Debemos lograr que en Colombia, la impunidad sea no solo improbable, sino impensable. No se trata de “quién era” en términos de apellido, posición o educación, sino de “quién fue” en esencia: un hombre que creía en puentes y no en fosas, que veía en la política un servicio, no una trinchera. Miguel encarnaba la posibilidad de disentir sin destruir, de debatir sin aniquilar. Pero en Colombia, hacer política puede costar la vida. Y cuando la democracia se convierte en un riesgo mortal, no estamos frente a un desacuerdo ideológico, sino ante un sistema roto que renuncia a proteger a quienes lo sostienen. 

Allí radica la verdadera gravedad: un Estado incapaz de garantizar la seguridad de sus actores políticos no solo falla a su gente, sino que abre las puertas a una dictadura de la violencia. Este asesinato debe ser un punto de quiebre. Una llamada de atención para un liderazgo que durante años ha desgastado su legitimidad en difamaciones y ataques personales, en lugar de construir consensos y soluciones. La política colombiana no puede seguir siendo un terreno donde la calumnia y la polarización sean las armas predilectas. Porque cada vez que elegimos el desprecio sobre el respeto, cavamos un poco más la fosa de nuestra democracia. Miguel Uribe no está. Pero su muerte nos obliga a mirar a Colombia a los ojos y preguntarnos: ¿seremos un país que deja que sus mejores voces se apaguen en silencio, o uno que decide levantarse y hacer que nunca más sea posible callarlas a balas?

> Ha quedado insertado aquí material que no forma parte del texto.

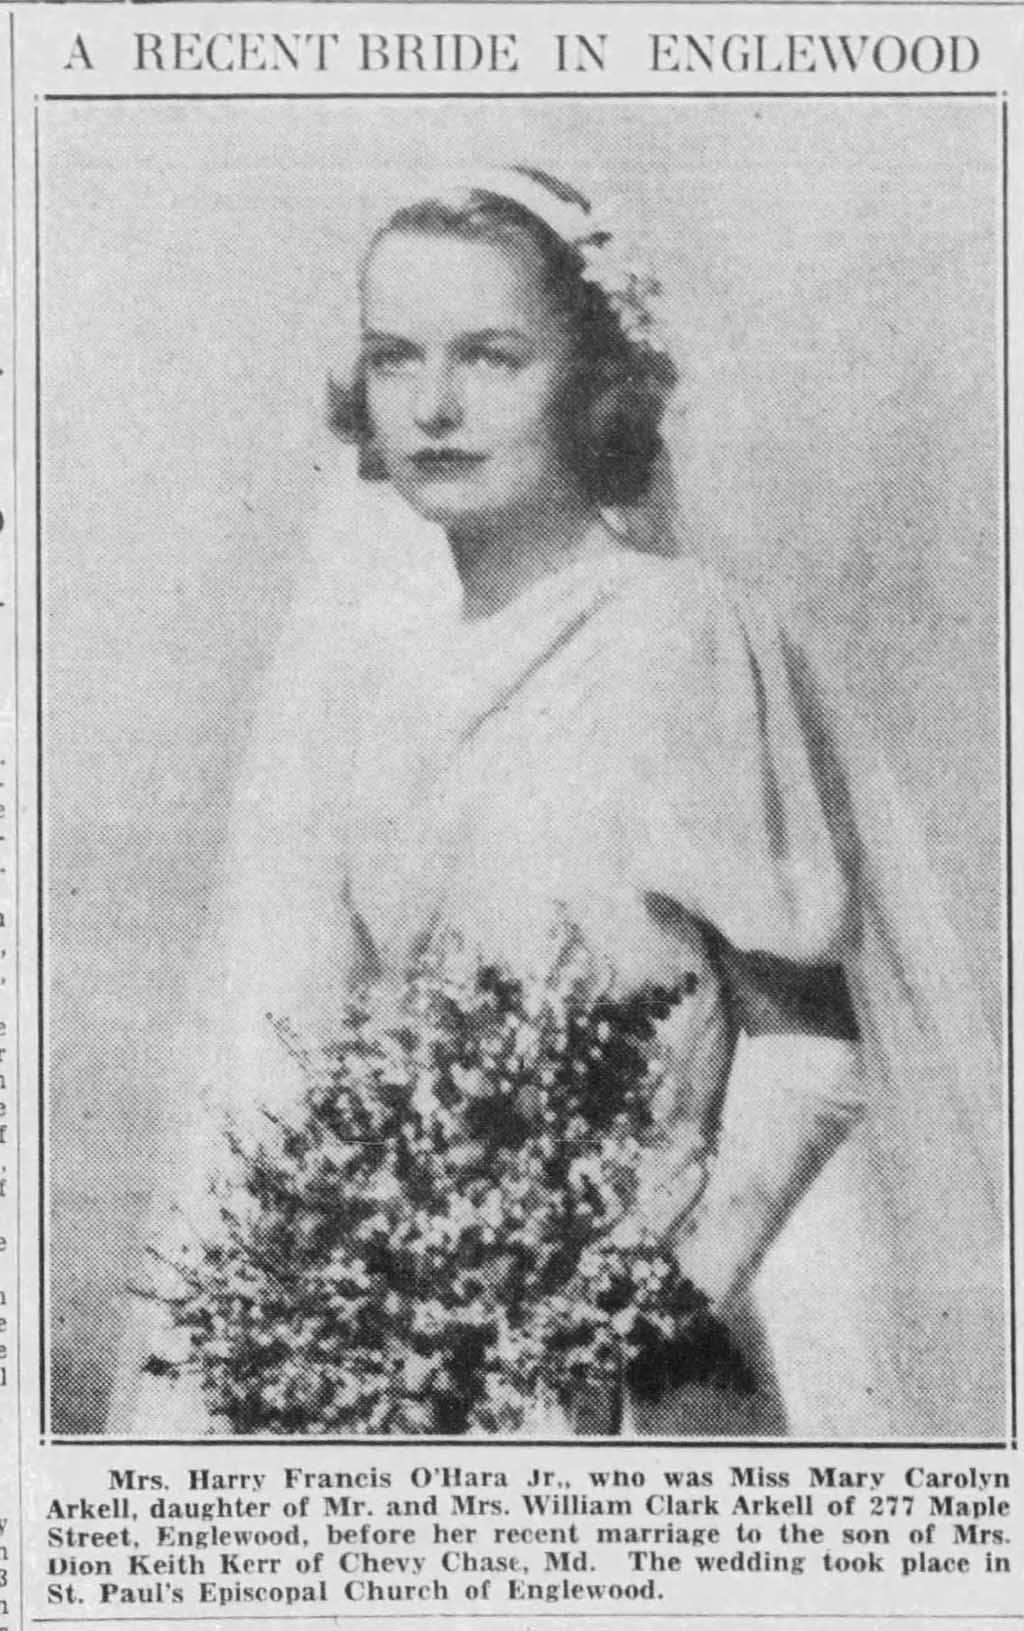 A photograph of a young woman in a wedding dress with clean lines holding a bouquet of flowers.

Que la vida de Miguel no termine siendo una estadística más. Que su nombre se convierta en un compromiso vivo de que en esta tierra la verdad, la justicia y la dignidad no se negocian. Que este no sea el final de una historia, sino el principio de un país que se niega a enterrar su esperanza.


El chaleco antibalas no sirve

la pistola nueve milímetros no sirve

el colt caballito 48 no sirve

la miniuzi es chatarra vieja

lo único que sirve es la vida, hermano.